The above results show the effect of miR-26a-5p on HCC cells, but the specific mechanism of action has not been discussed in detail yet. Through bioinformatics prediction, we found that HMGA2 was the direct target of miR-26a-5p, and the expression of HMGA2 protein in HCC cells transfected by miR-26a-5p simulation had been downregulated. HMGA2 is a kind of transcription factor, belonging to the family of high mobility genes. It is a protein known to promote the proliferation and metastasis of cancer cells in various tumors including hepatoma.21 Our results showed that HMGA2 was highly expressed in HCC tissues and cells, and the expression levels of HMGA2 and miR-26a-5p were negatively correlated in HCC tissues, which also provided important evidence for the correlation between them. Subsequently, in order to further confirm that the role of miR-26a-5p in hepatoma was mediated by HMGA2, we knocked down the expression of HMGA2 in HCC cells, and then observed the biological function of them; the results showed that when the expression of HMGA2 was knocked down, the proliferation and invasion ability of HCC cells were significantly inhibited, and the apoptosis rate was increased significantly. The above conclusions can fully prove that HMGA2 is an important target of miR-26a-5p in HCC cells. Regarding the mechanism of action of HMGA2, previous studies22 have shown that HMGA2 is an important target for chromosomal abnormalities. One of its mechanisms for promoting tumor progression is that the expression of HMGA2 after chromosome truncation has deleted the carboxyl terminal of the 3ʹ non-coding region, which leads to the fusion of HMGA2 with some tumor-suppressor genes and loss of tumor-suppressor functions of these tumor-suppressor genes, thus promoting the development of tumors. Another study9 has indicated that HMGA2 may promote tumor invasion and metastasis through epithelial–mesenchymal transition. For example, previous studies23 have found that HMGA2 can induce epithelial–mesenchymal transition in pancreatic cancer by conditioning the Ras pathway. In addition, it has been clearly pointed out in another study24 that silencing HMGA2 expression may affect the progression of colorectal cancer by inducing apoptosis and cell cycle arrest of cells, which also proves that HMGA2 has a certain role in apoptosis of cancer cells, which can confirm our conclusion.

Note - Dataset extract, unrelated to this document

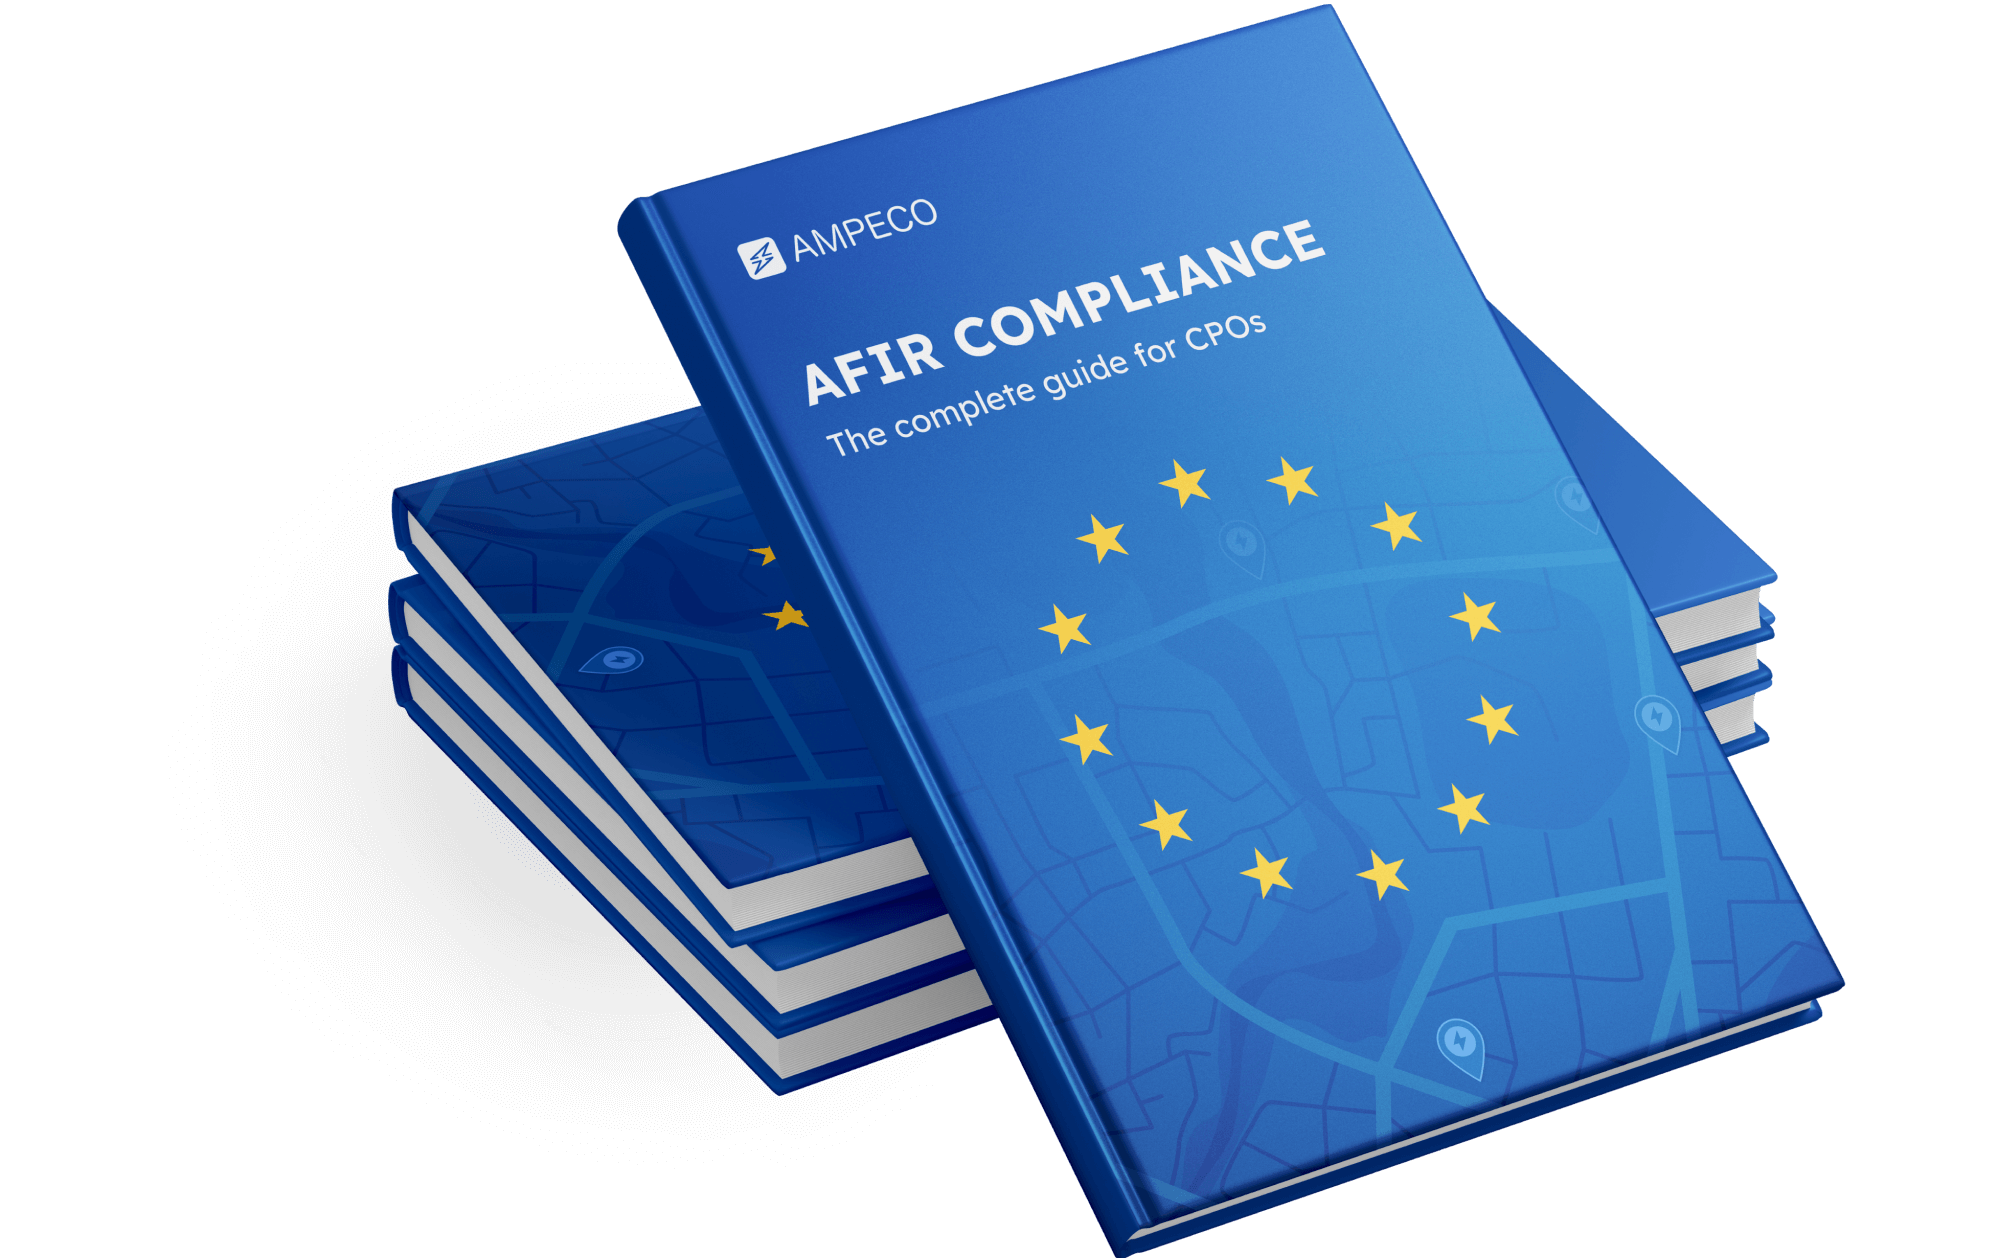 The Complete Guide to AFIR Compliance for CPOs - Charge Point Operators face new regulatory challenges under AFIR. Understanding the requirements and the available solutions is crucial to selecting the most cost-effective and timely path to compliance.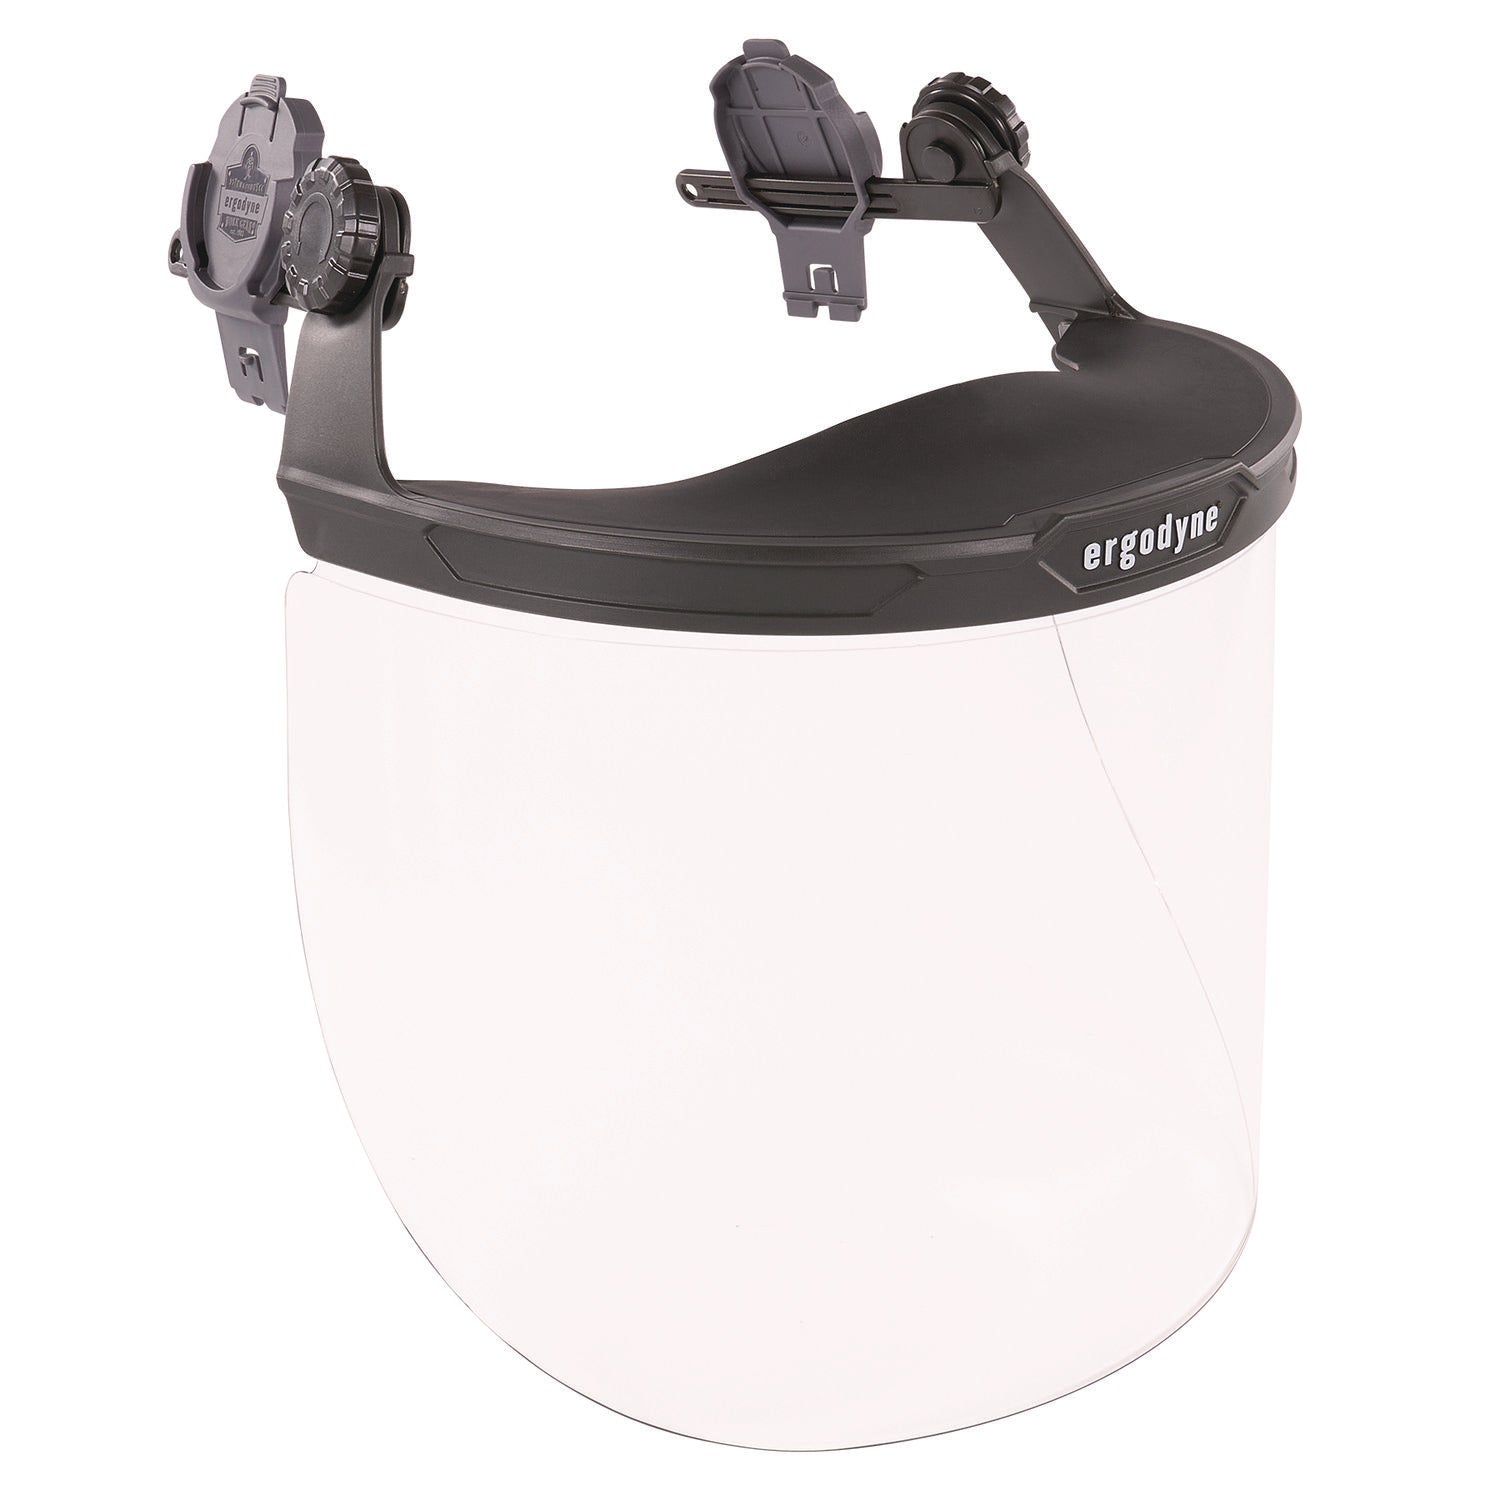 skullerz-8995-anti-scratch-and-anti-fog-hard-hat-face-shield-with-adapter-for-full-brim-clear-lens-ships-in-1-3-bus-days_ego60245 - 1

To sum up, miR-26a-5p inhibits the proliferation and invasion of HCC cells and promotes their apoptosis by directly targeting HMGA2. Abnormal decrease of miR-26a-5p and increase of its target HMGA2 are important factors that may participate in the occurrence and development of HCC. This novel miR-26a-5p/HMGA2 axis provides an in-depth understanding of the pathogenesis of HCC and may be a new potential target for its therapy. However, there are still some deficiencies in this study. For example, on the one hand, the specific mechanism of action of miR-26a-5p in HCC is simply described by quoting relevant documents, and no detailed experimental investigation has been carried out; on the other hand, whether the role of miR-26a-5p in HCC regulates other genes besides HMGA2 remains to be further tested.